Mechanical structural carbon steels (SM20C, KSD3752) were introduced into the furnace, and liquefied petroleum gas (LPG) was supplied at a rate of 0.6 m ³ / m ³ hr and heated at 450 ° C for 90 minutes to oxidize the surface of the steel. A black color layer was formed and then air cooled in air. Then, a UV protective lacquer was coated with a thickness of 50 μm on the surface of the black color layer of the air-cooled steel to form a protective film. Then, UV irradiation was performed at 1000 mJ / cm 2 for 5 seconds to cure the color layer into a transparent cured layer. A black color steel of vivid color was produced.

(Example 4)

Stainless steel castings (SSC12, KSD 4103) were put into the furnace and supplied with liquefied petroleum gas (LPG) at a speed of 0.6 m ³ / m ³ . The color layer was formed and then air cooled in air. Then, a UV protective lacquer is coated on the surface of the color layer of the air-cooled steel to a thickness of 30 μm to form a protective film. Then, UV irradiation is performed at 900 mJ / cm 2 for 3 seconds, and the color layer is cured with a transparent cured layer. To produce a golden colored steel.

When the salt spray test (KSD 9502) was performed on the samples of Examples 1 to 4, rust and swelling occurred on the surface of the coated steel pipe after 720 hours in the case of the general steel sheet, whereas the general coated steel pipe and Example 1 In the case of the sample 4 to 4, even after 720 hours, the surface of the steel was not abnormal.

Therefore, in the case of the samples of Examples 1 to 4, the surface of the steel can be easily oxidized while maintaining the corrosion resistance property equal to or higher than that of a general coated steel pipe to express vivid colors such as golden, blue, and black on the surface of the steel. The excellence could be confirmed.

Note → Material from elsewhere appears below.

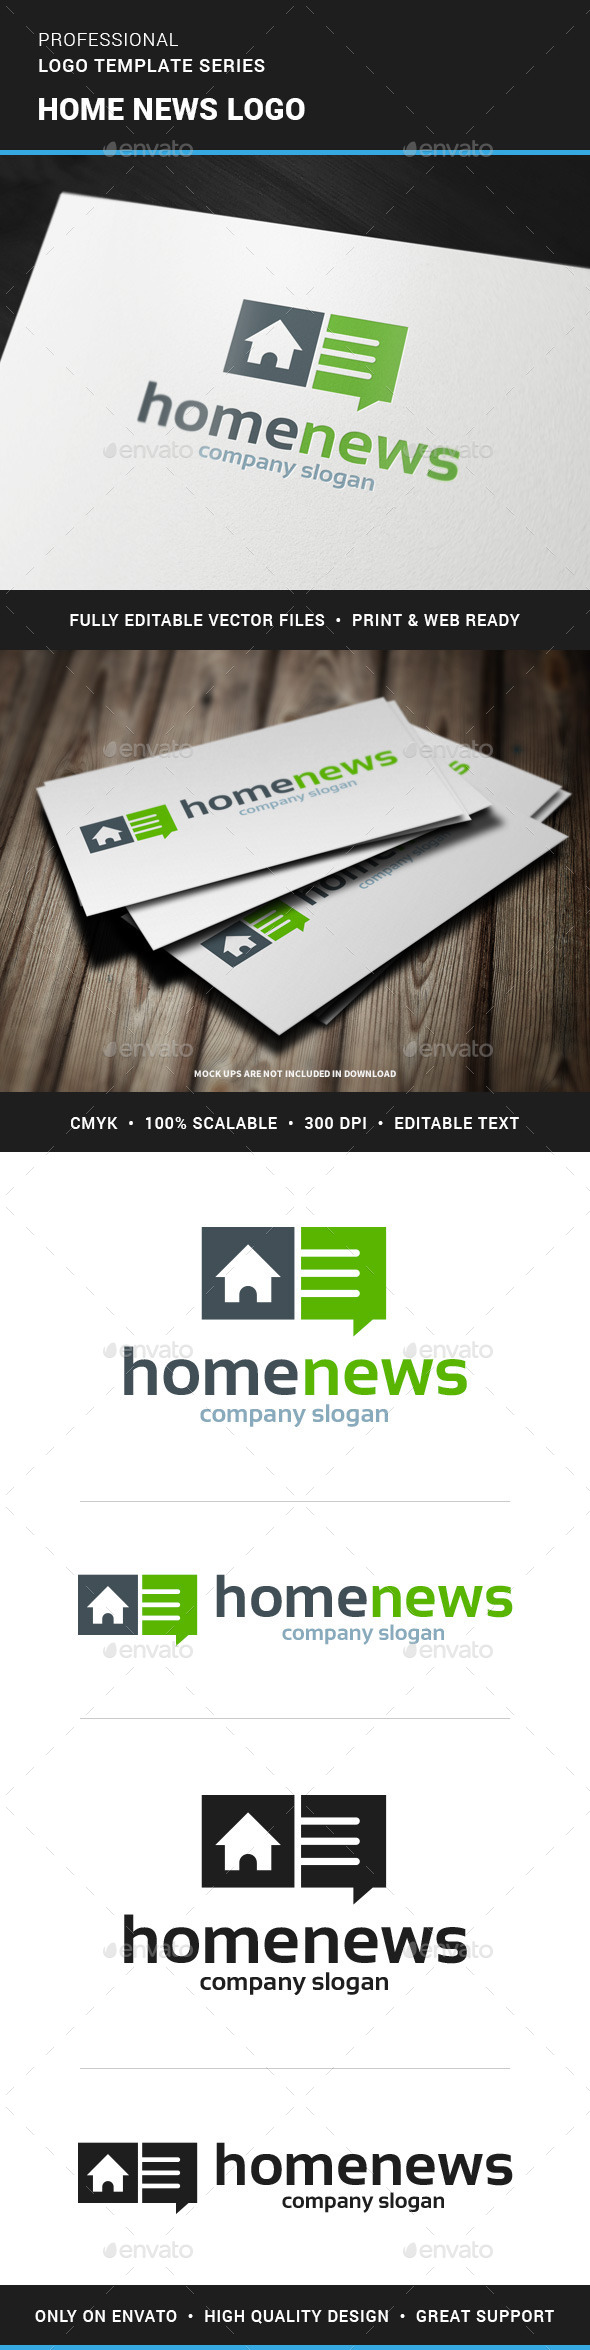 Home News Logo Template - Buildings Logo Templates

The present invention described above is not necessarily limited only to the above embodiments, and various substitutions, modifications, and changes can be made without departing from the technical spirit of the present invention.

Claims (4)

Supplying liquefied petroleum gas (LPG) to the steel introduced into the furnace to oxidize its surface to form a colored layer; Air-cooling the steel with the colored layer formed thereon; Coating a transparent lacquer for UV on the surface of the color layer of the air-cooled steel to form a protective film; UV irradiation to the protective film formed above to cure into a transparent cured layer; Method for producing a color steel, characterized in that consisting of. The method of claim 1, The liquefied petroleum gas (LPG) is a manufacturing method of color steel, characterized in that for supplying in the furnace at a speed of 0.4 ~ 0.6 m ³ / m ³ hr. The method of claim 1, The oxidation is a method for producing a color steel, characterized in that the oxidation by heating for 60 to 90 minutes at a temperature of 200 ~ 450 ℃. The method of claim 1. The UV irradiation is a method for producing a color steel, characterized in that for 2 to 5 seconds to irradiate at a UV intensity of 800 ~ 1000mJ / ㎠ to cure the protective film.